For the material below, reproduce exactly each line from the one that has "Hamburger and fries" through the one that has "I can't do without", and no others; pictures stay out.

■ INFORMATION PROVIDED ■

___

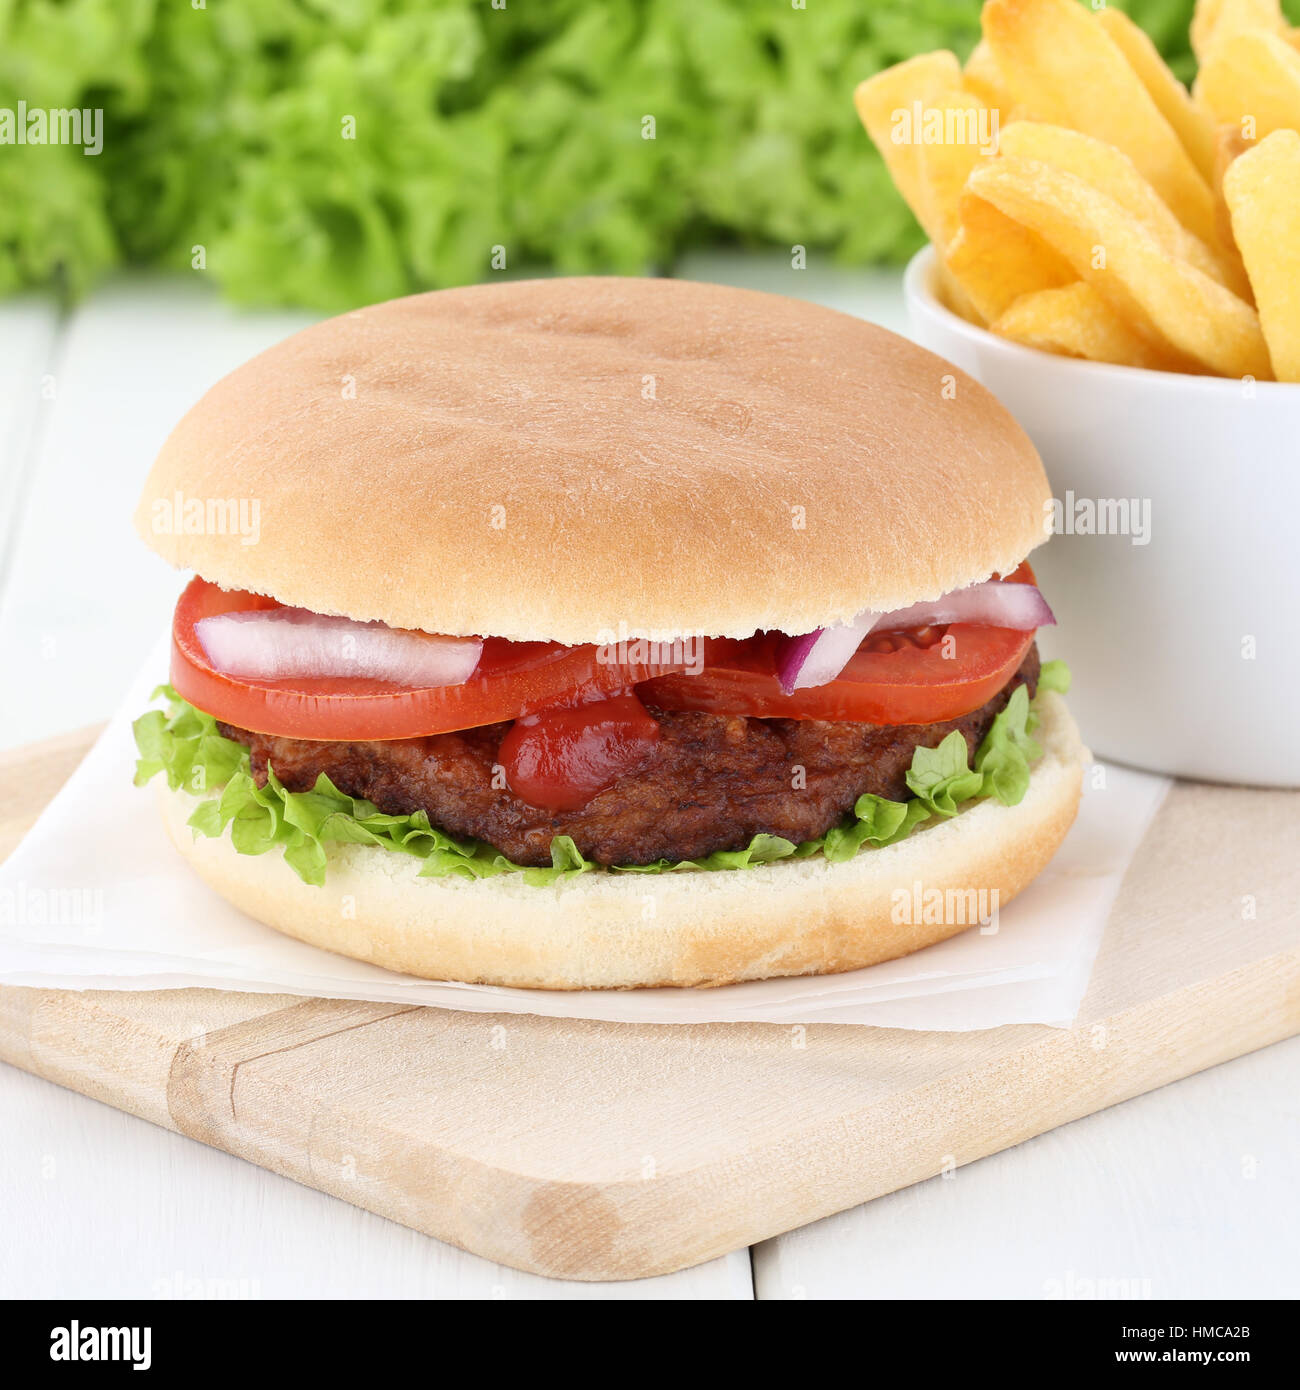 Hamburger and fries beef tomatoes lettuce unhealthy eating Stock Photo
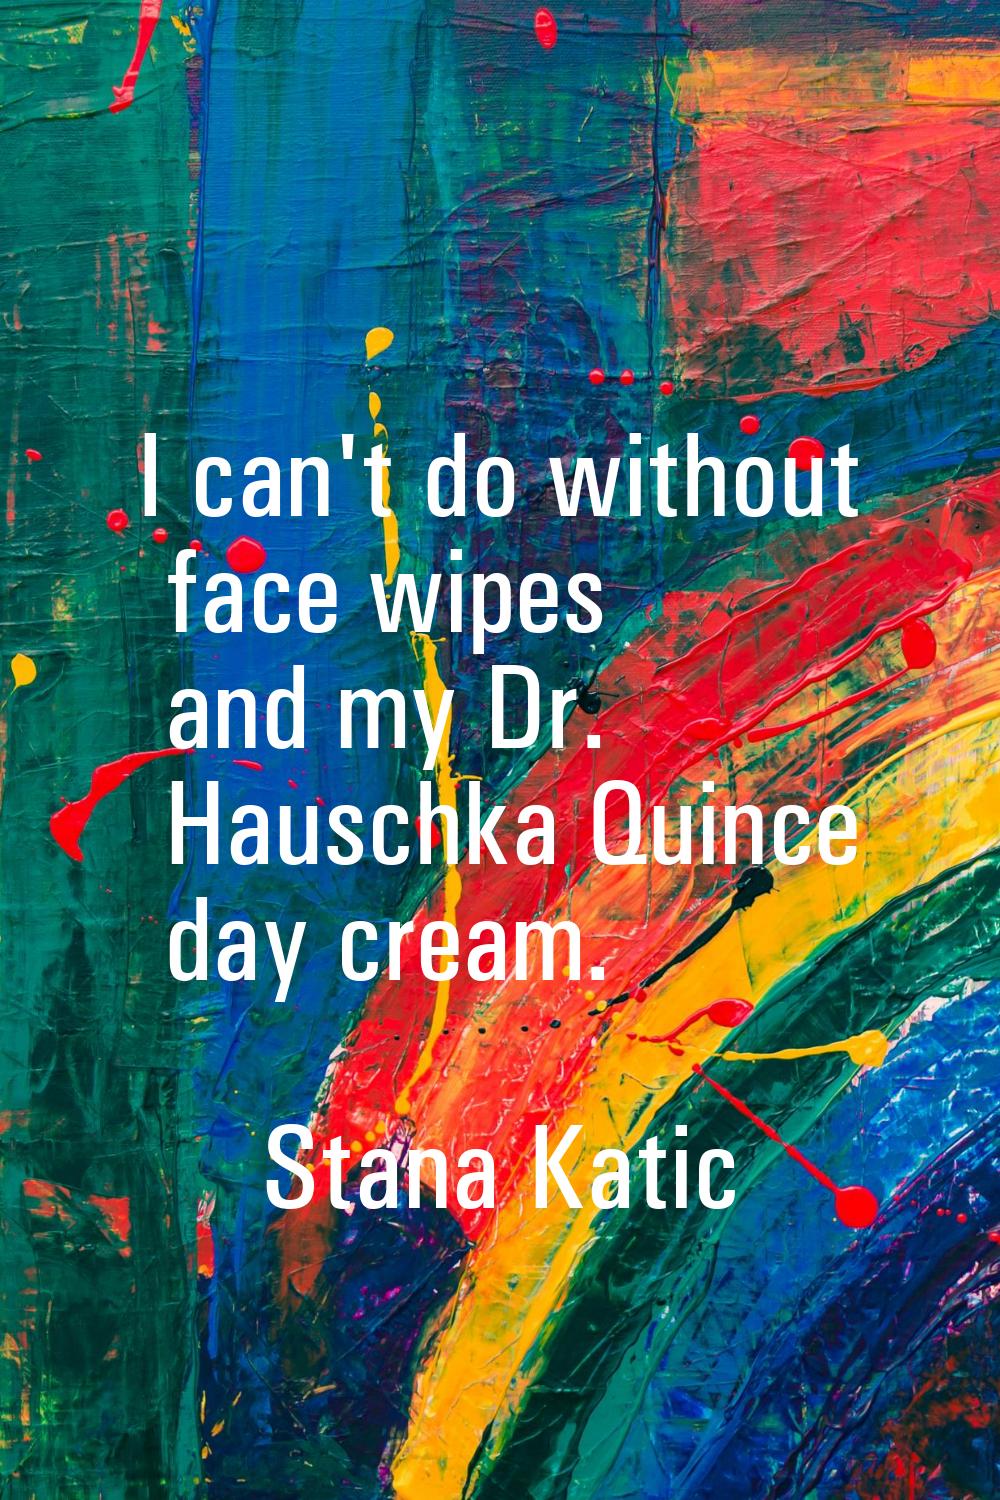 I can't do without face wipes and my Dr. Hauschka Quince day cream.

___

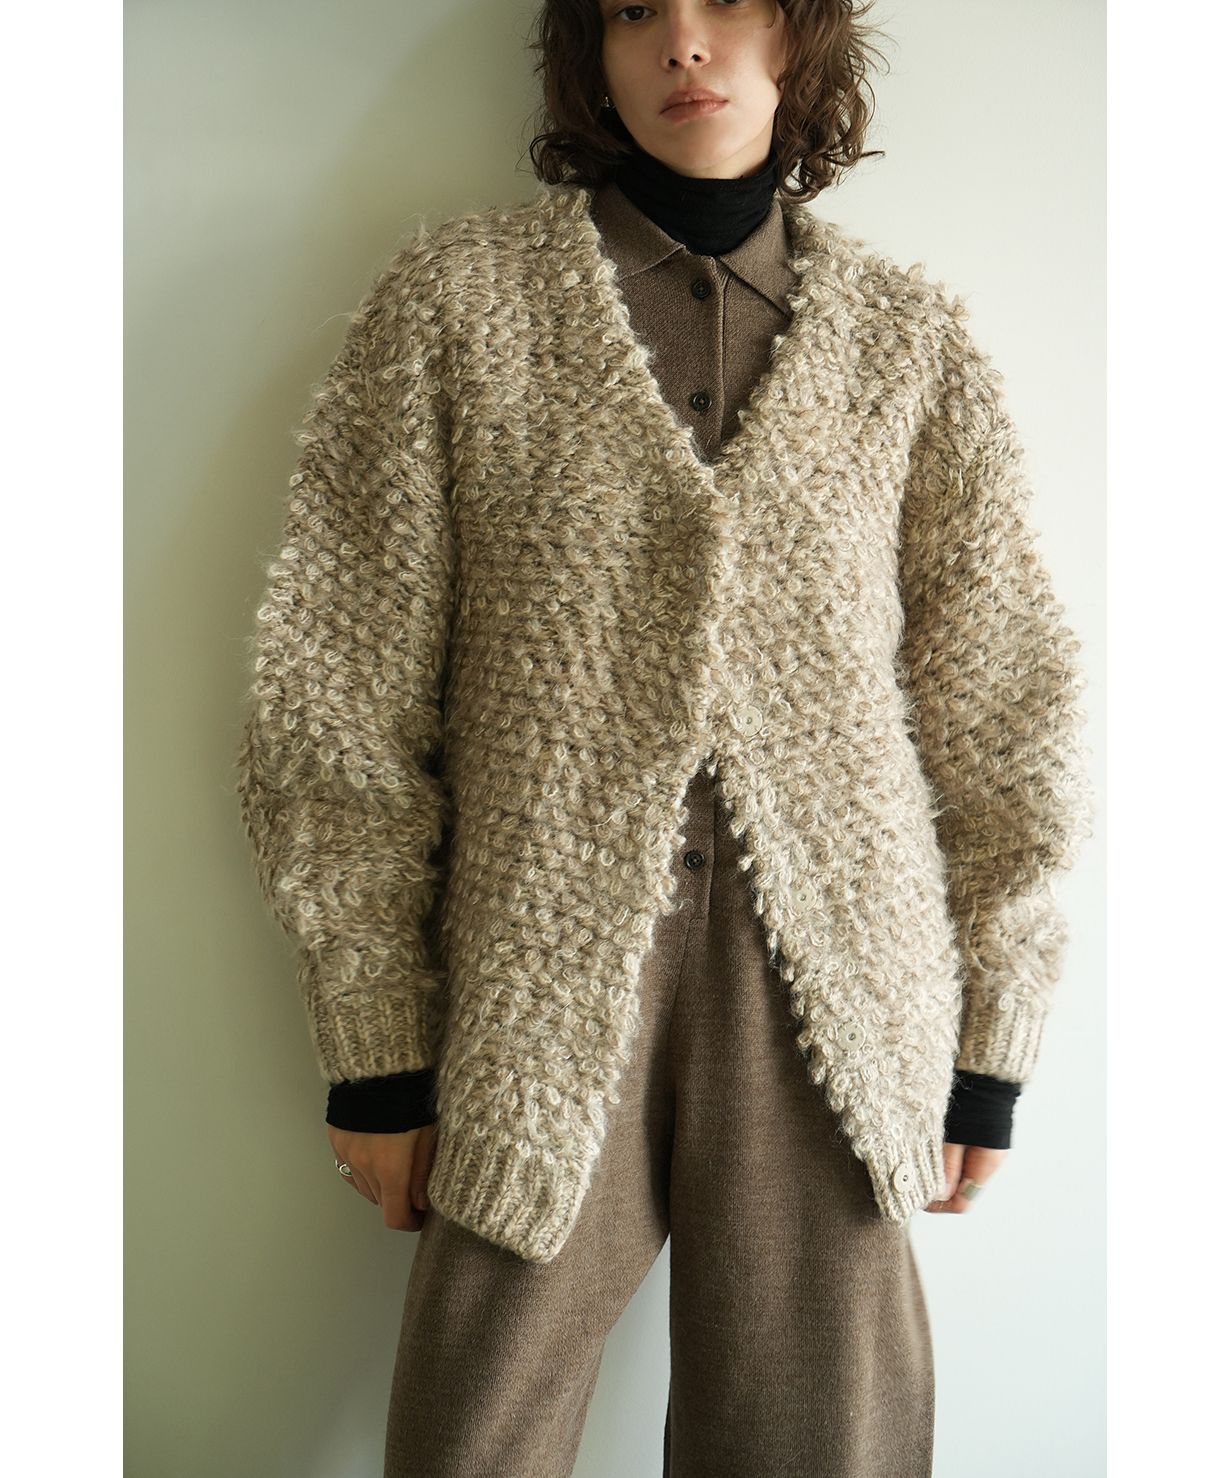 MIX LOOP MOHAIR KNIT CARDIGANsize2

___

■ YOUR RESPONSE ■
 Hamburger and fries beef tomatoes lettuce unhealthy eating Stock Photo
 I can't do without face wipes and my Dr. Hauschka Quince day cream.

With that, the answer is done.